**Source data**
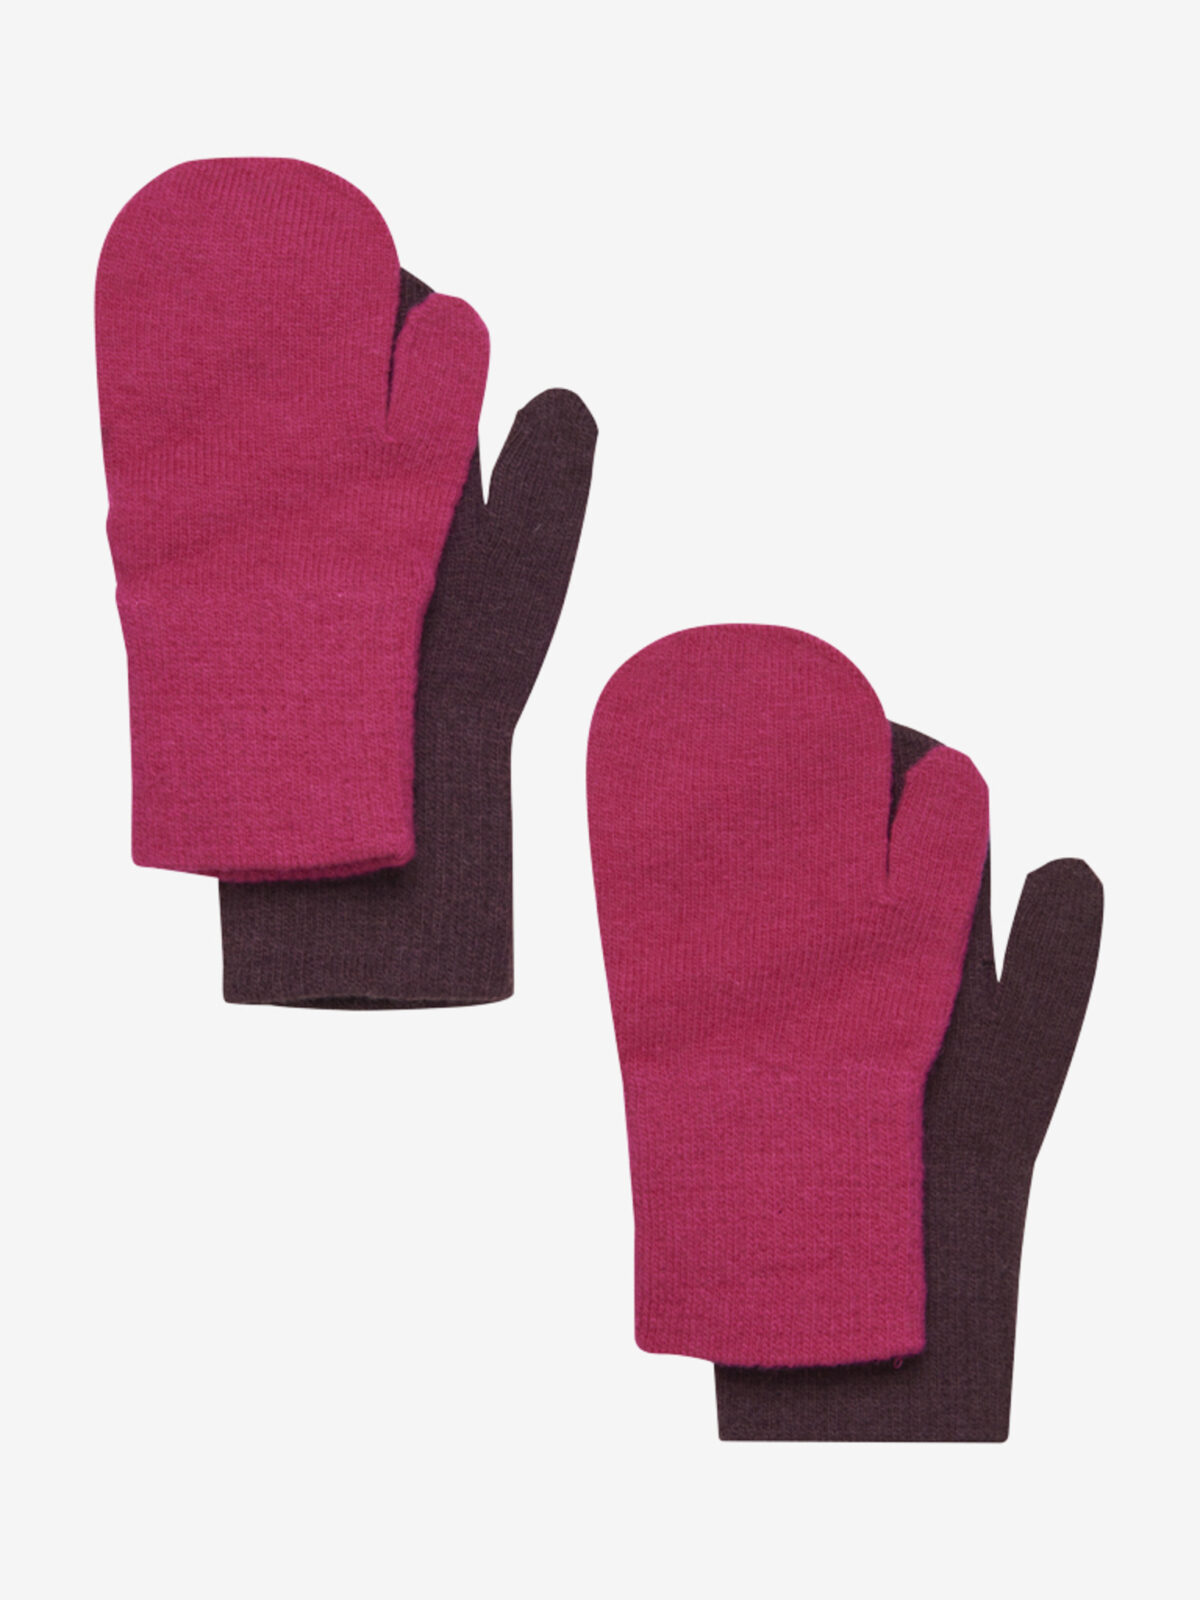 CeLaVi, lambavillaga labakud,(2 pakk) Pink Villariided - HellyK - Kvaliteetsed lasteriided, villariided, barefoot jalatsid
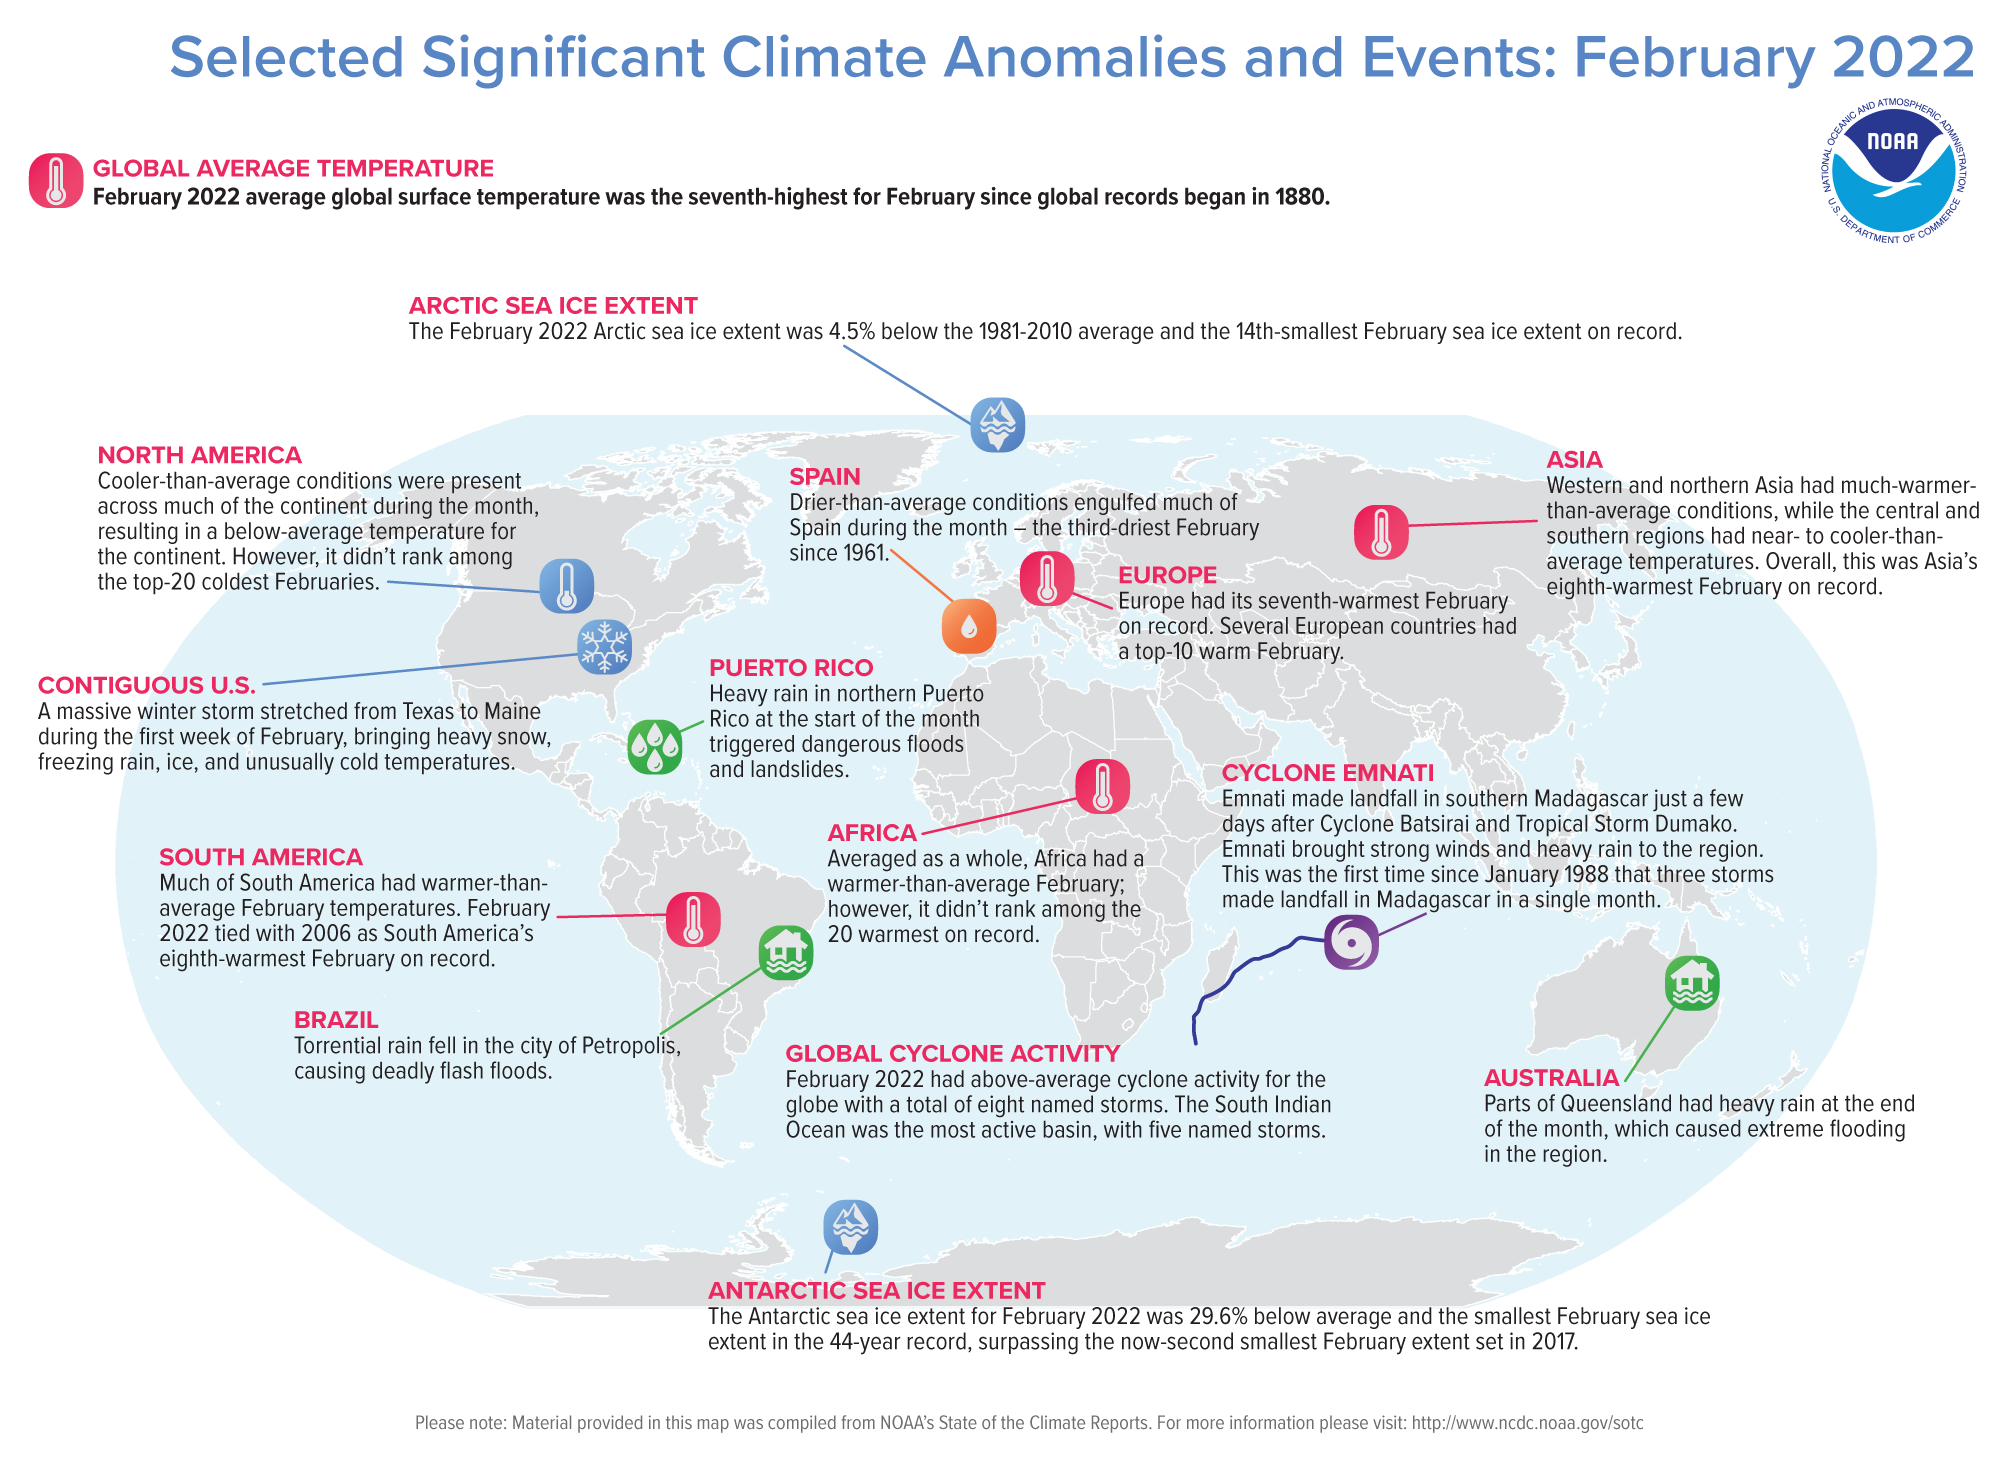 More information about "ΝΟΑΑ: Επιλεγμένες κλιματικές αποκλίσεις και γεγονότα για τον Φεβρουάριο του 2022"
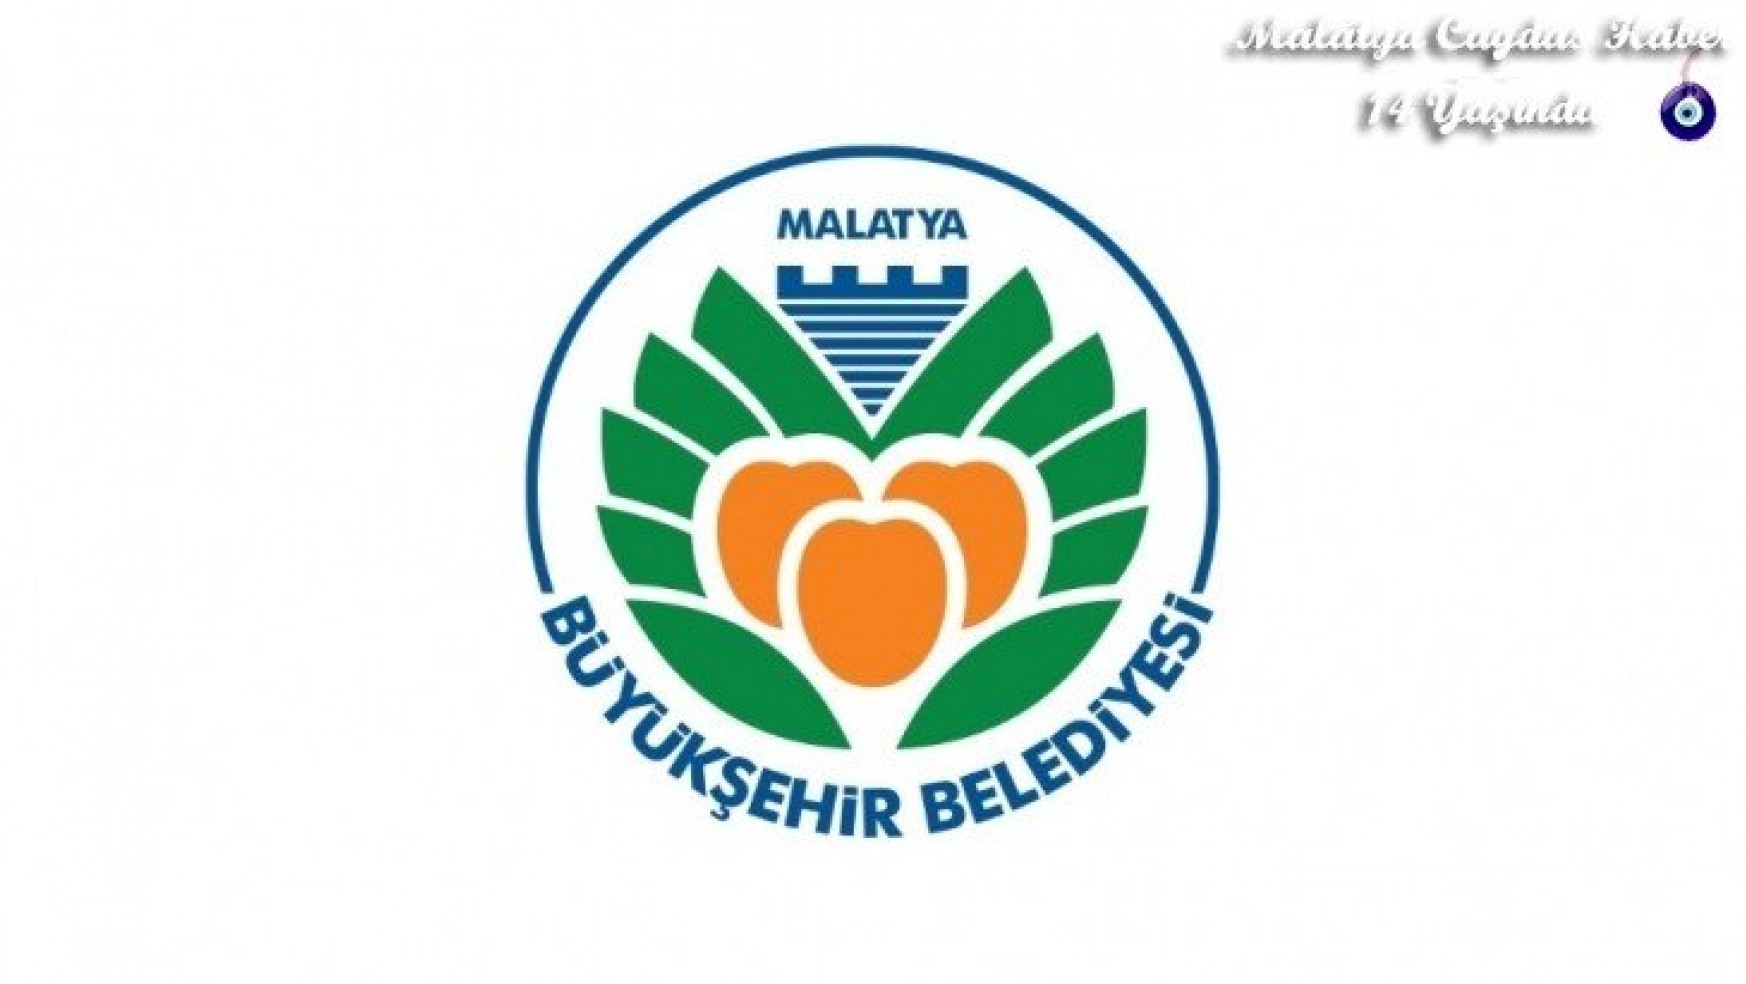 Malatya Büyükşehir Belediyesin'den sahtekarlık açıklaması

**What you should do**
Your copy should hold only the lines from the line with "More information about" through the end of the data above, both ends included, transcribed exactly and without pictures.

**Result below**
 More information about "ΝΟΑΑ: Επιλεγμένες κλιματικές αποκλίσεις και γεγονότα για τον Φεβρουάριο του 2022"
 Malatya Büyükşehir Belediyesin'den sahtekarlık açıklaması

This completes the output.